■ Exercise data ■
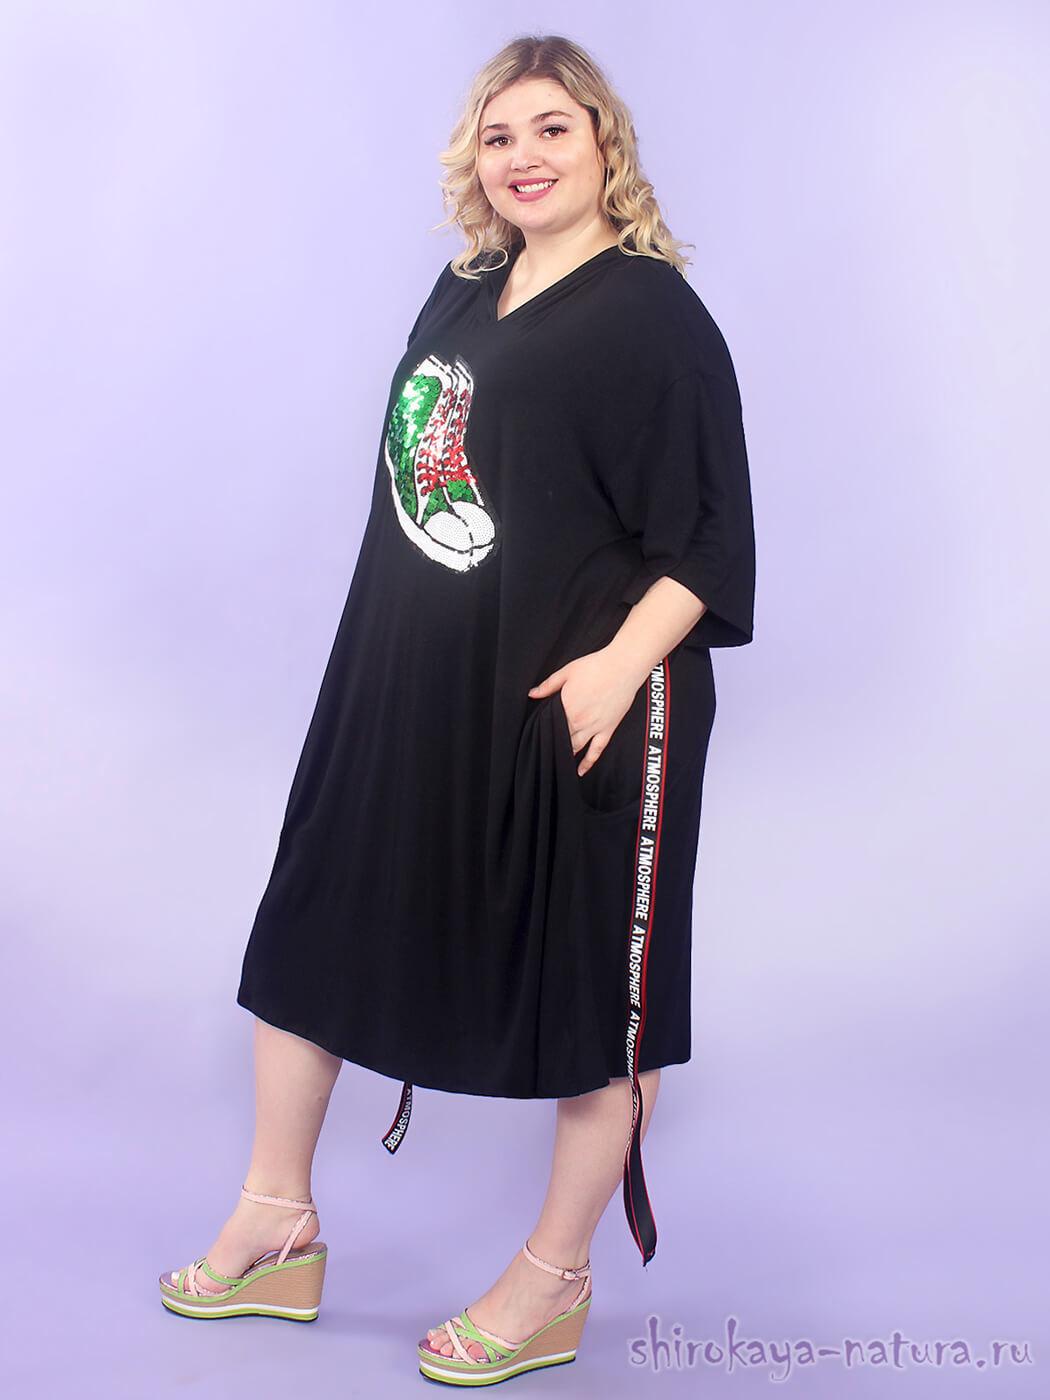 Спортивное платье Модные кроссовки
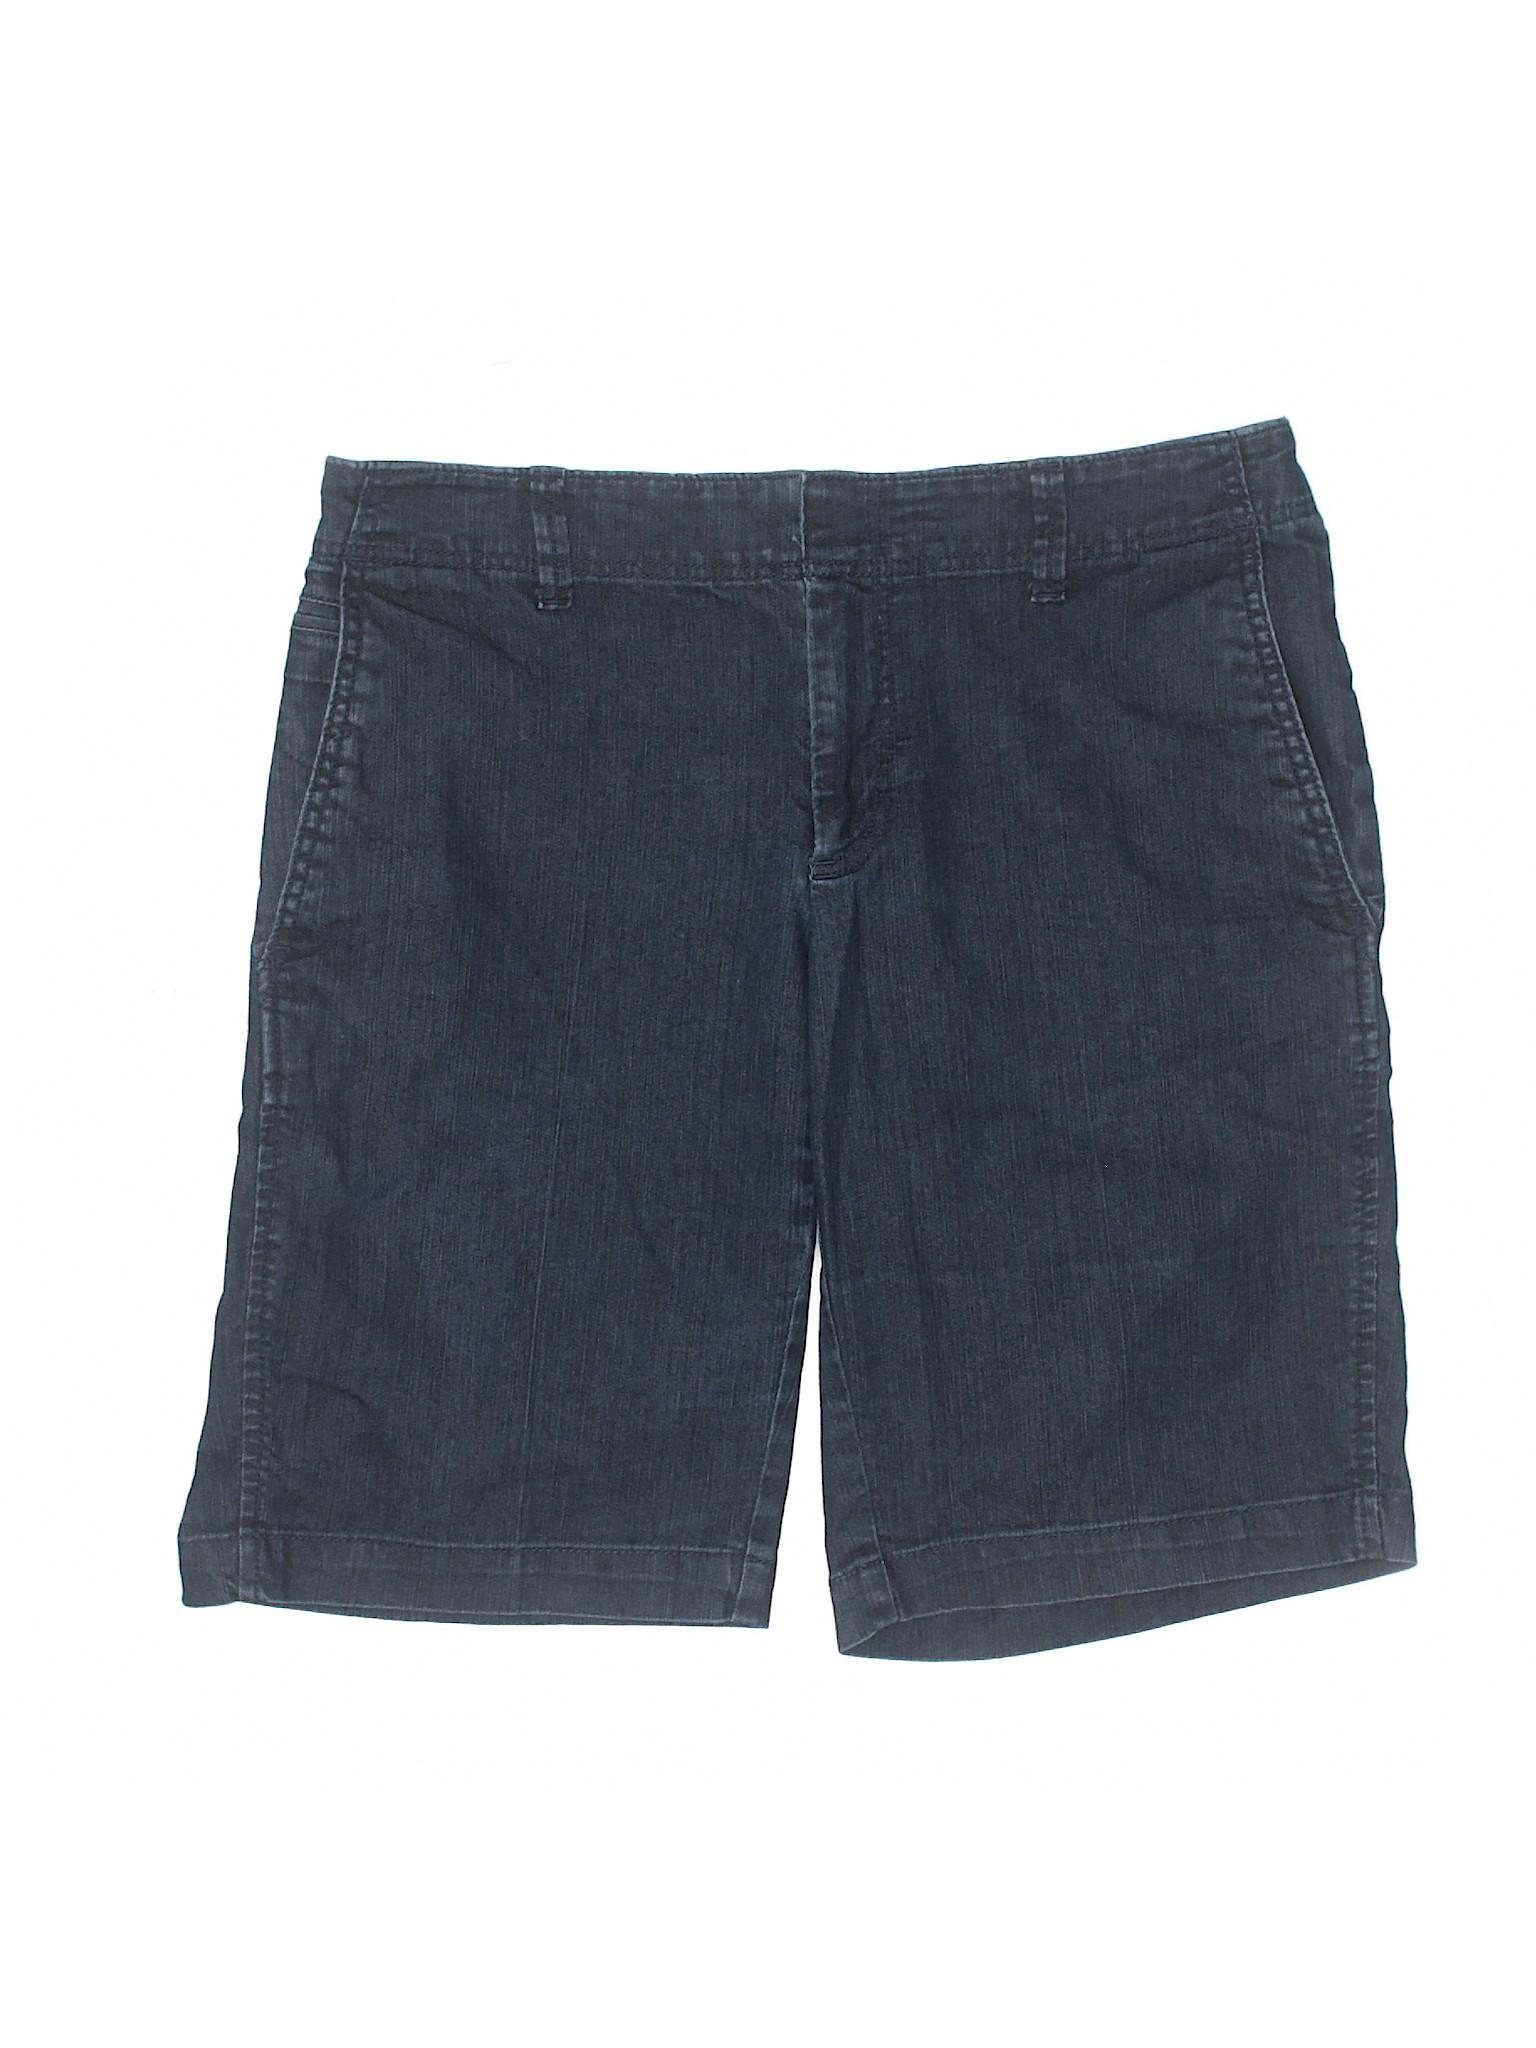 Boutique Gap Outlet Outlet Boutique Gap Shorts Gap Boutique Denim Denim Shorts xqgZO5Xn
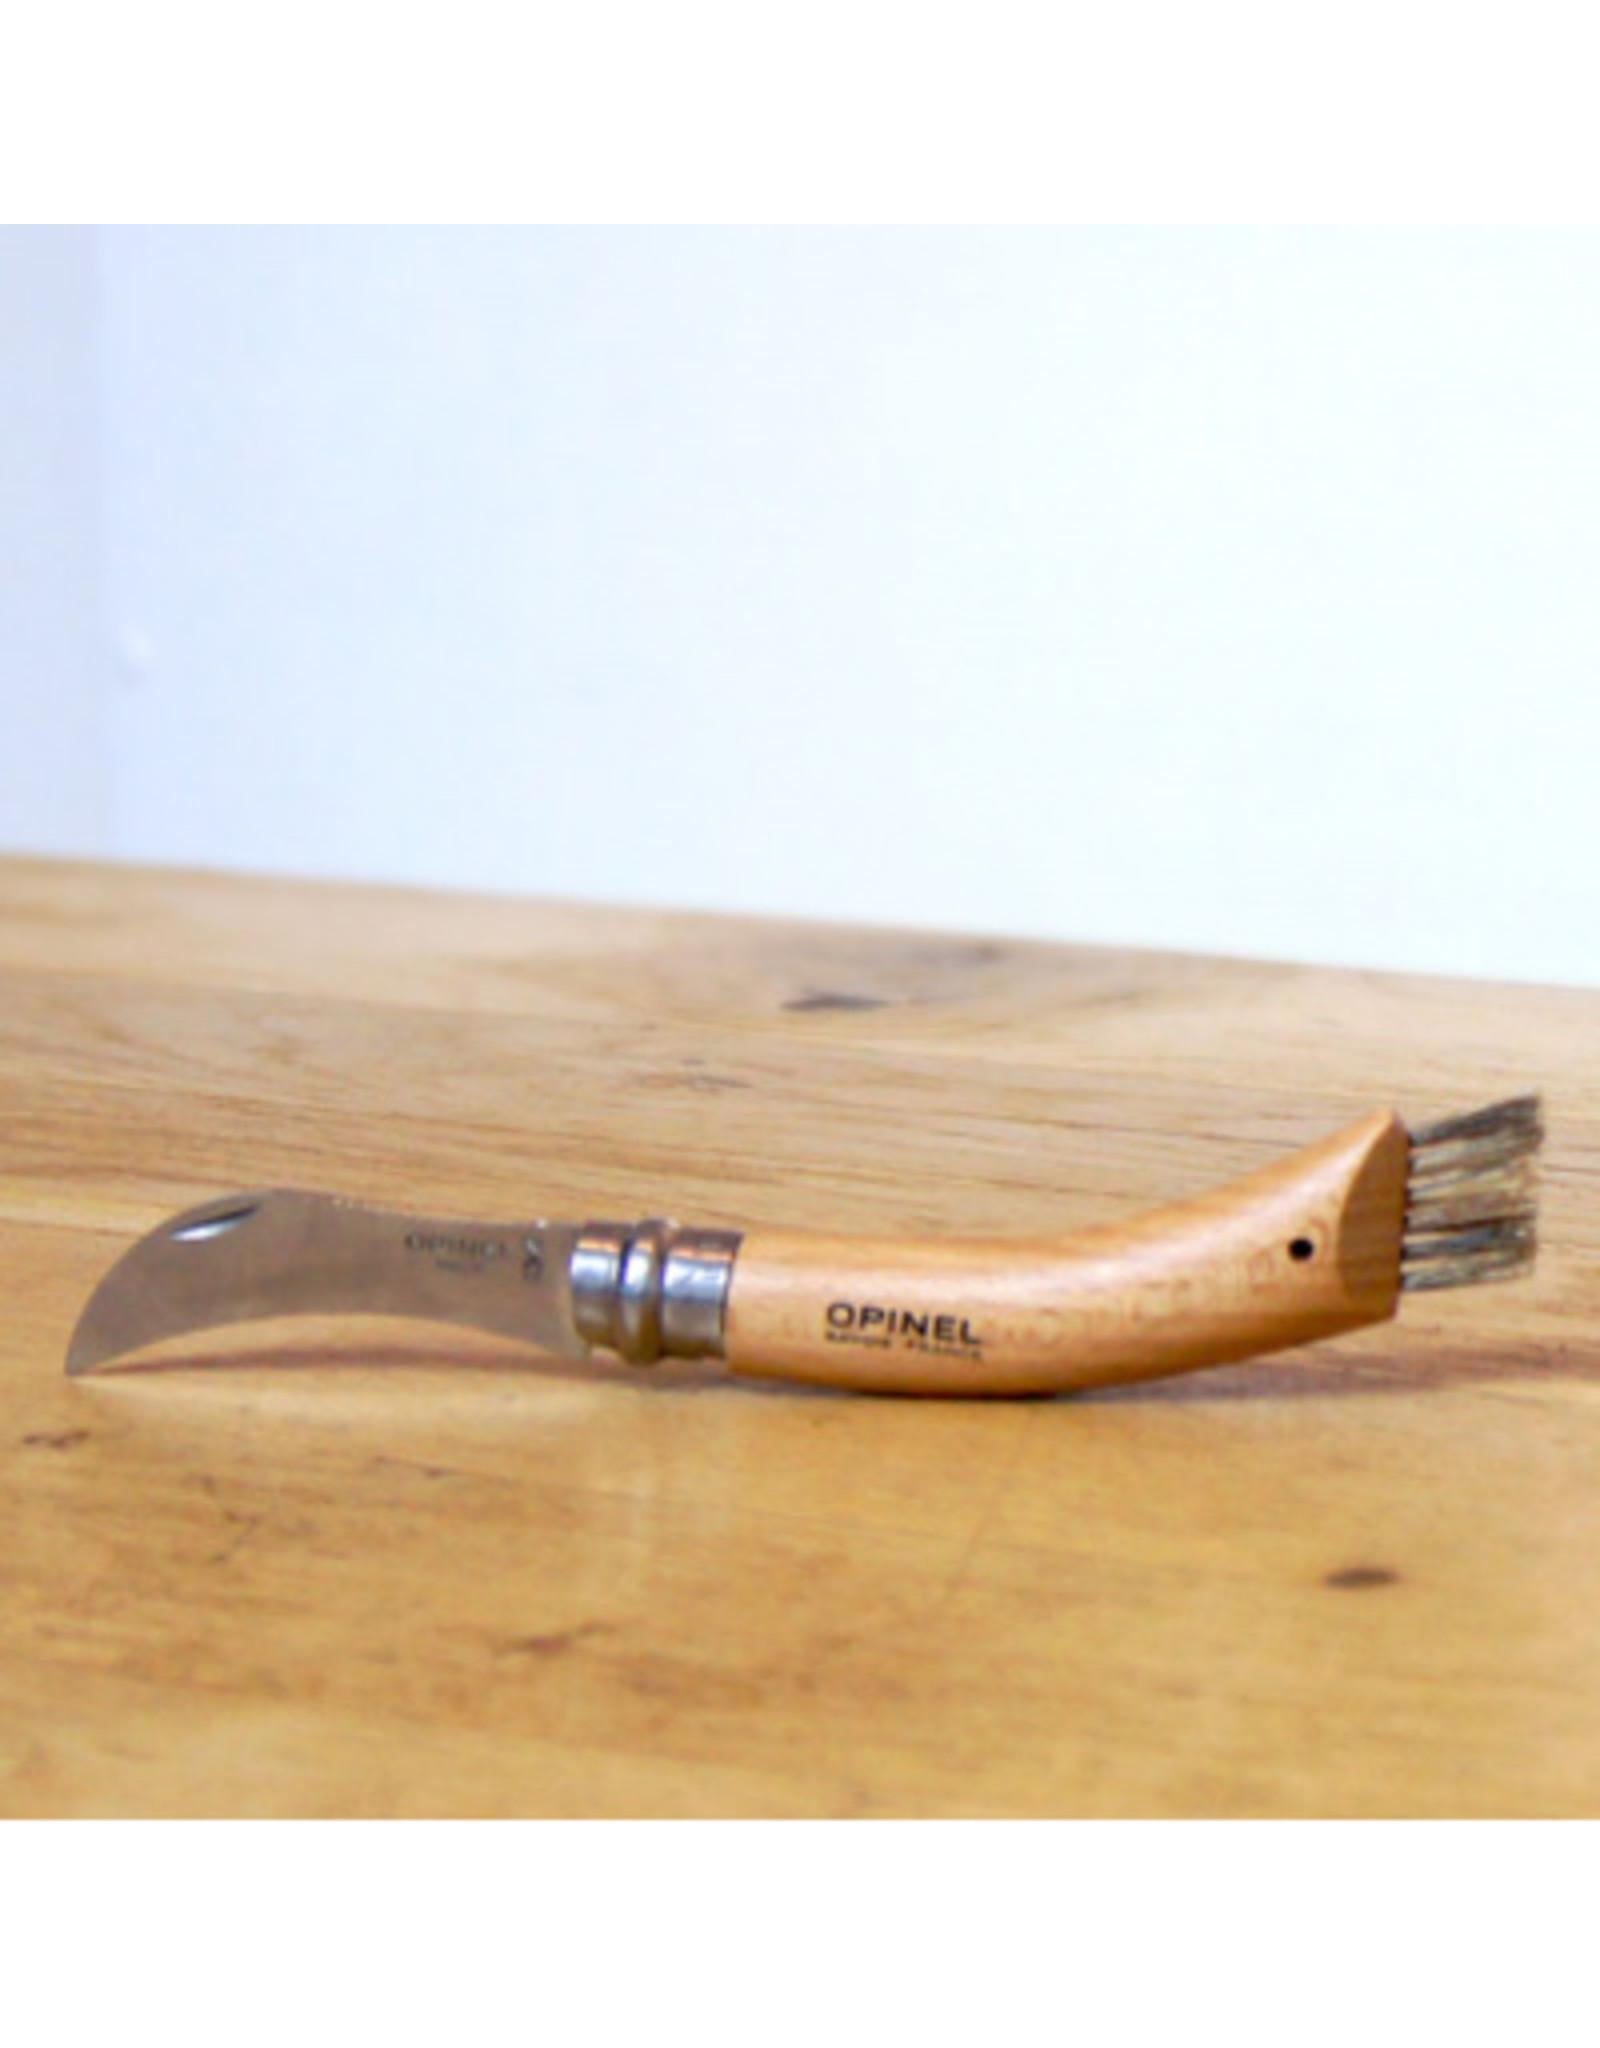 OPINEL OPINEL N°08 MUSHROOM KNIFE

■ Task to complete ■
Only those lines from the one containing "Boutique Gap Outlet" to the end of the material above, retyped exactly and without pictures, belong in your reply.

■ Solution ■
 Boutique Gap Outlet Outlet Boutique Gap Shorts Gap Boutique Denim Denim Shorts xqgZO5Xn
 OPINEL OPINEL N°08 MUSHROOM KNIFE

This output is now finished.